Kakarot was awarded 7/10 in GameSpots review, with Heidi Kemps saying that its "modern, semi-open approach to telling the saga of DBZ - despite some minor issues - is a good one." Kemps concluded that "[i]f you're looking for an enjoyable way to see the life and times of adult Goku through a new perspective, Dragon Ball Z: Kakarot will grant your wish."

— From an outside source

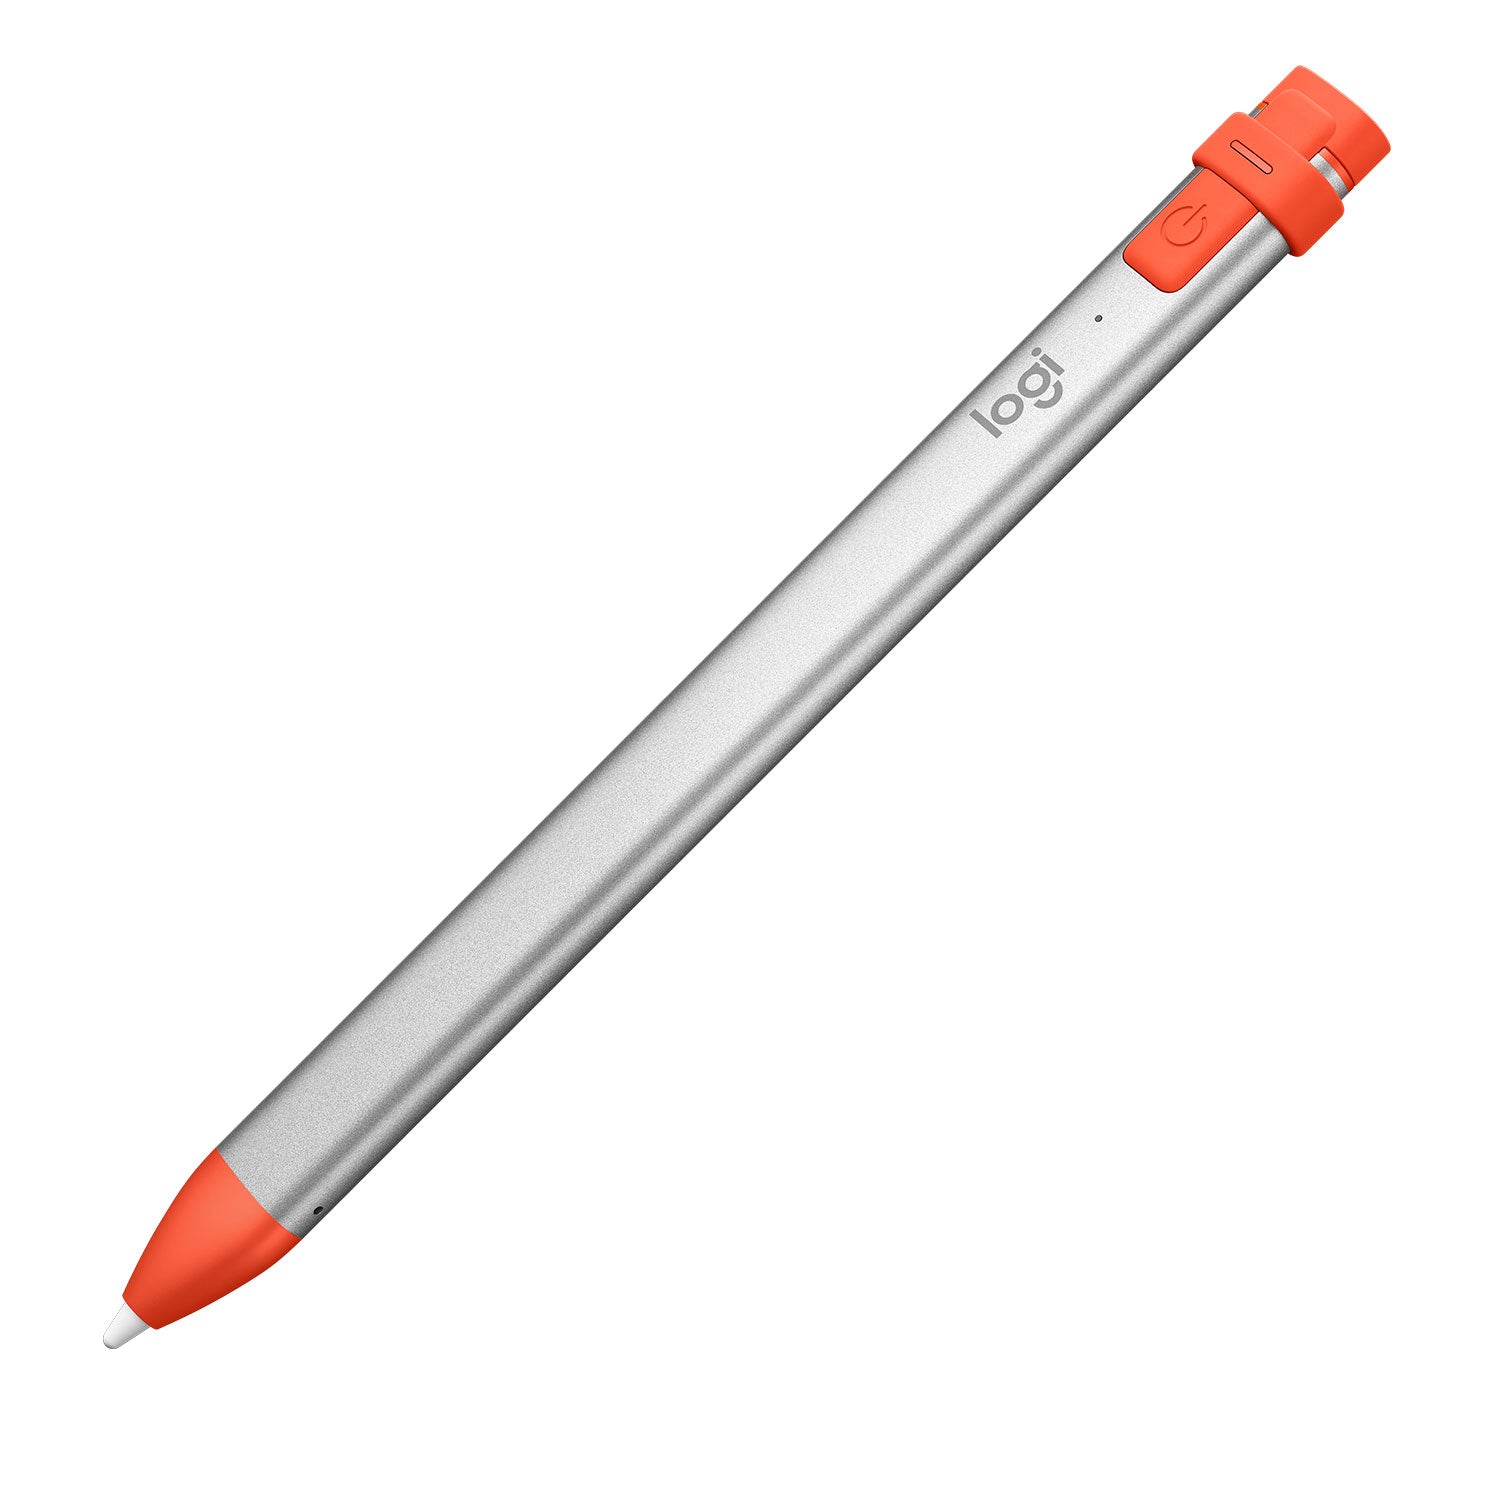 Logitech Crayon Stylus Pen 20 G Orange, Silver-(914-000046)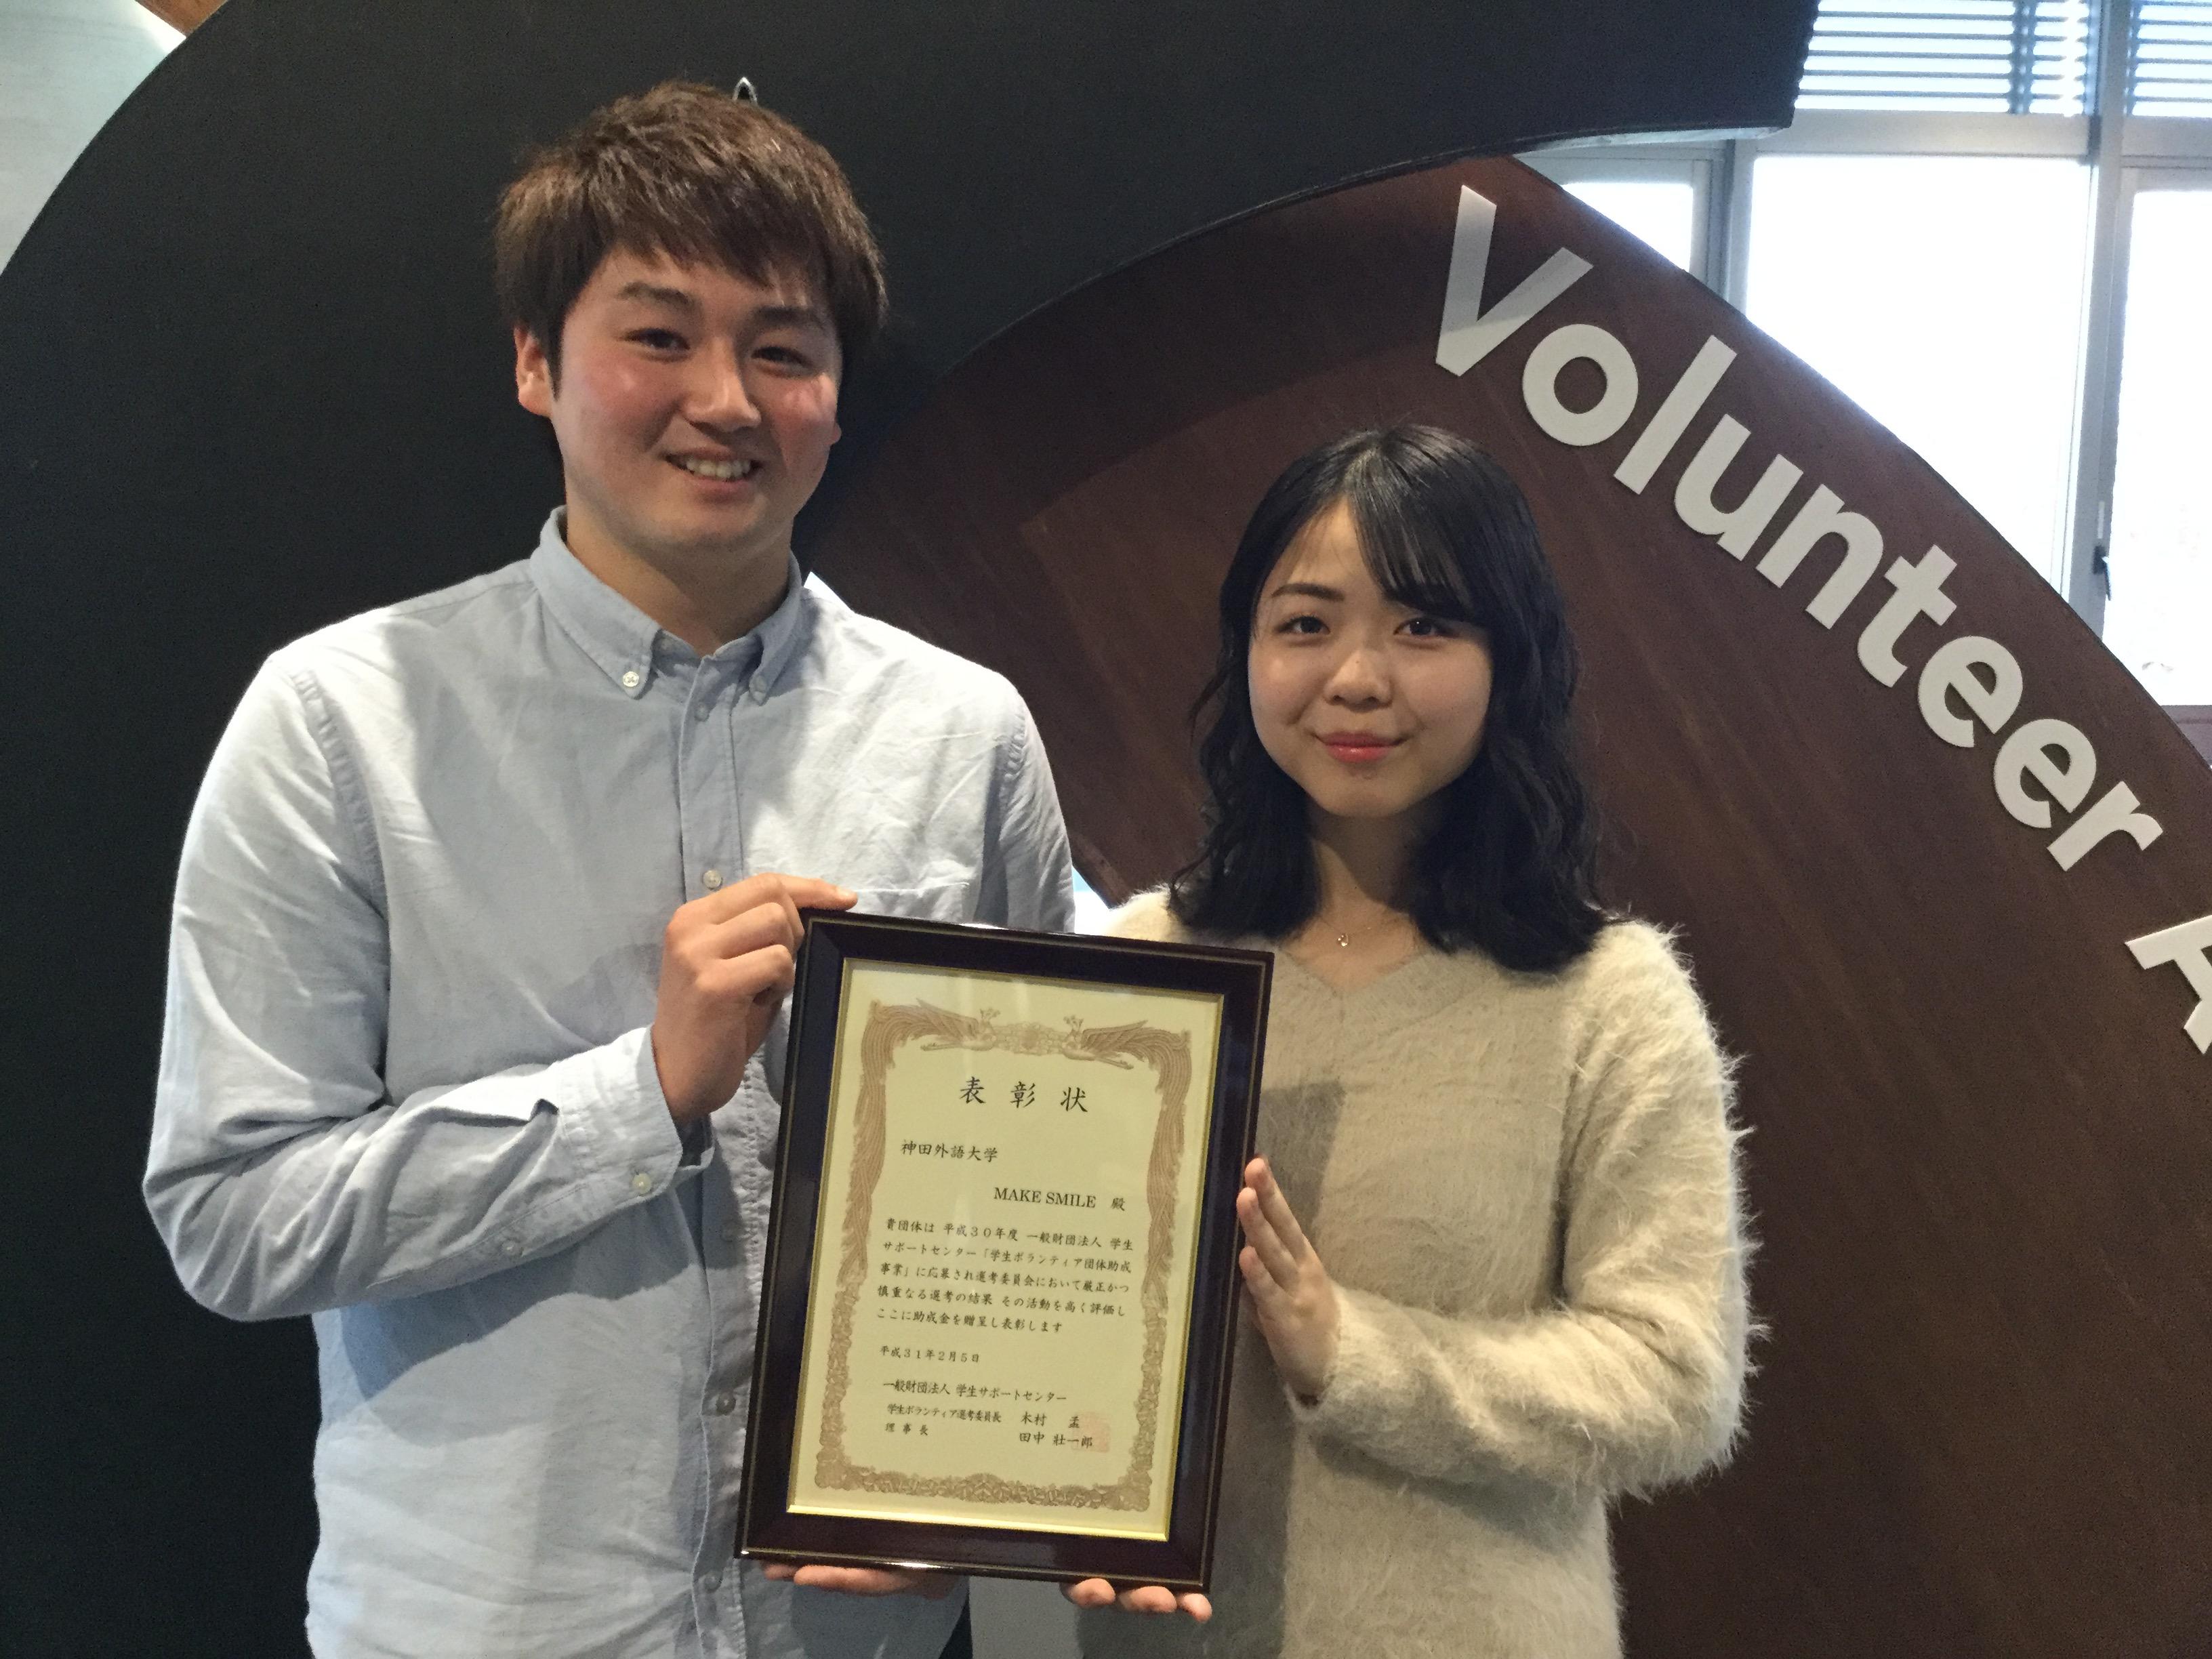 神田外語大学の災害復興支援ボランティア団体「MAKE SMILE」が、平成30年度「学生ボランティア団体助成事業」に採択

The game was the second best-selling game during its first week on sale in Japan, with 89,537 copies being sold, behind Yakuza: Like a Dragon. In the United Kingdom, Kakarot debuted at number one on the sales chart.

In a conference call, Bandai Namco revealed that the game sold over 1.5 million copies worldwide in its first week release, rendering it a commercial success. By March 2020, the game had sold over 2 million copies worldwide, combining total shipments and digital sales. By December 2021, it had sold over 4.5 million copies worldwide. Total shipments and digital sales surpassed 8 million units worldwide by July 2024. By January 12, 2026, the game had sold 10 million copies.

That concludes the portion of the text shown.